The tragedy started when a  melee broke out  after a security guard sprayed Mace to subdue rowdy partiers who had gotten into a fight. Others mistook the Mace for a terrorist attack and fled down the front stairs to the main exit, witnesses said.  They collided with a rush of people coming into the club, resulting in a suffocating mass of bodies piled at the base of the stairwell.

The stairwell to one of the rear exits, Carlson said, was cluttered with debris and another was made very narrow by 4x4 wood parts used for stacking unused tables and chairs.  The door to the restaurant's kitchen, according to Carlson, swung inward into one of the exit pathways and was not marked with any sign letting people know it was not an exit.

In his examination, Carlson noted that both rear exits had crash bars for easier evacuation but that they both also had cross-bolt locks and roll screens that, if engaged, would prevent egress. Some witnesses have said the doors were locked the night of the stampede.

"Those locks shouldn't be there," he said. As for the roll-screens, he added: "You better hope nobody locked it.
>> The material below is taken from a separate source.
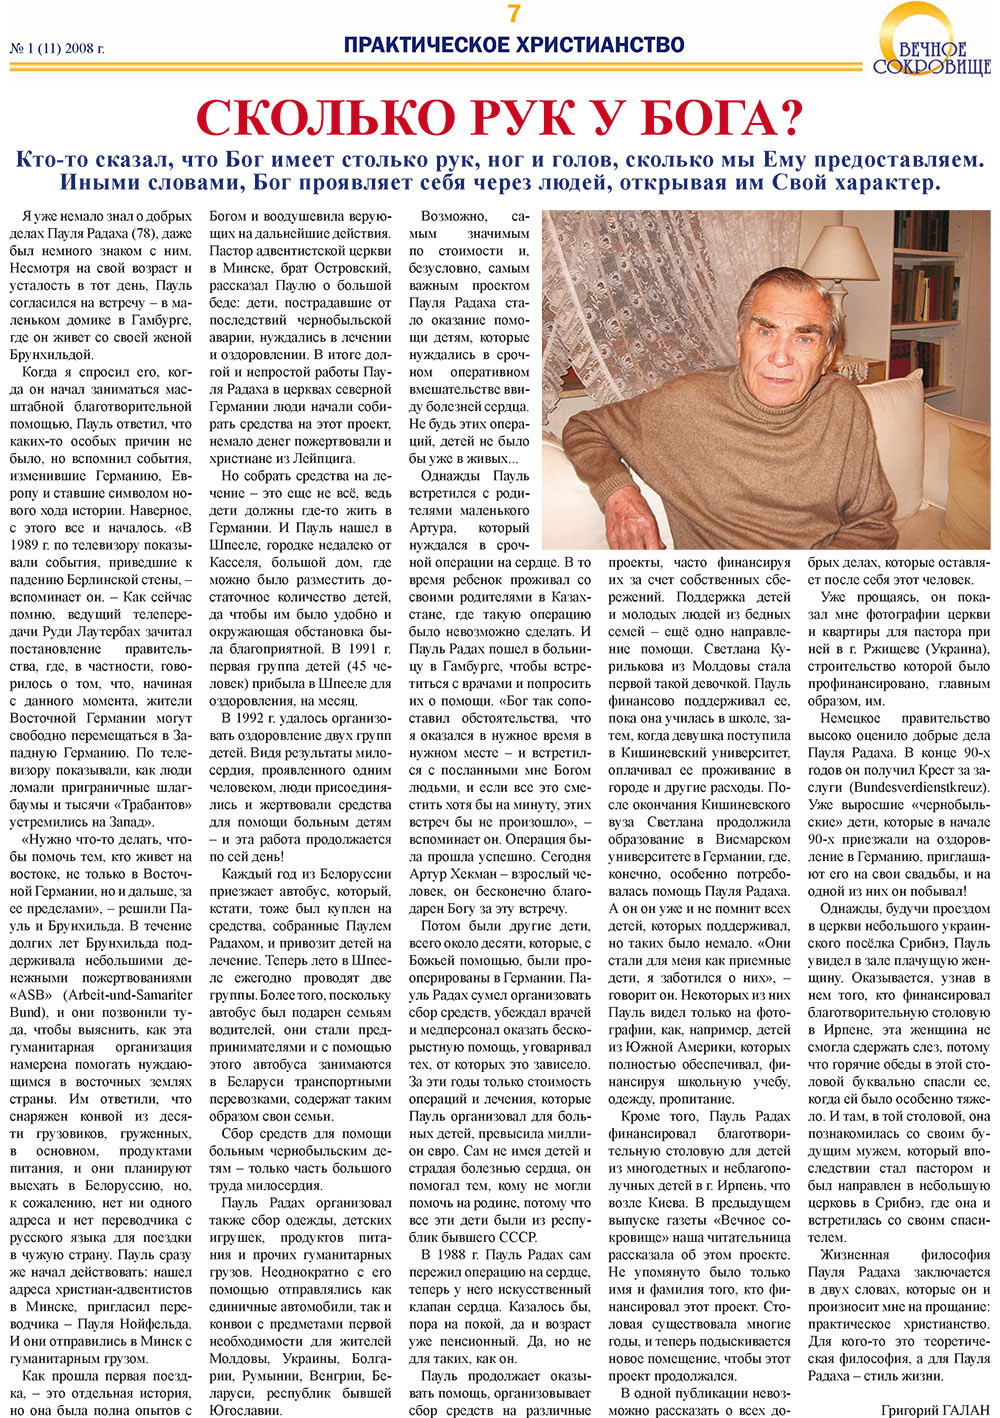 Вечное сокровище (газета). 2008 год, номер 1, стр. 7

Or you don't have an exit door."

One of those exits led into an enclosed parking lot surrounded by a chain-link fence, making it difficult for a mob of people to quickly disperse, said Carlson, who has a Ph.D in mechanical engineering from the University of Massachussetts..

Carlson said the club's "exit capacity" was 240 people, roughly a quarter of the estimated 1,150 people there, echoing testimony by fire safety engineer Edward Prendergast on Wednesday.

Carlson testified that, when reviewing police interviews with club employees, he did not note any mention "of an initiation or knowledge of an evacuation plan."

"There need to be trained people in place to help evacuate in an emergency," Carlson said. "The exit capacity and condition of the exits and the lack of a real emergency exit plan set for an extremely dangerous condition."

On cross-examination, defense attorney Todd Pugh asked Carlson if he felt training from the Chicago Police Department or Chicago Fire Department was sufficient for such a task.

Carlson said he did. Pugh then mentioned three different E2 staff members -- among them the head of its security -- who were current or former members of the Chicago police and fire departments. 

Carlson replied, however, that crowd control training by itself was not enough. A specific plan needed to be in place for this specific building.

"It'd be like putting six cooks in a room who all know the same recipe -- but without the recipe," he said.

Pugh then asked the witness to point out all the exits in the courtroom. Did municipal building codes require all doors in a public building to be unlocked while that building was open, he asked.

"Yes," Carlson said.

Pugh walked over to the side exit in front of the court gallery. He gently pushed it. It did not budge.

Other defense attorneys pressed the impossibility of predicting such an event and stressed that no one had died at either of the rear doors.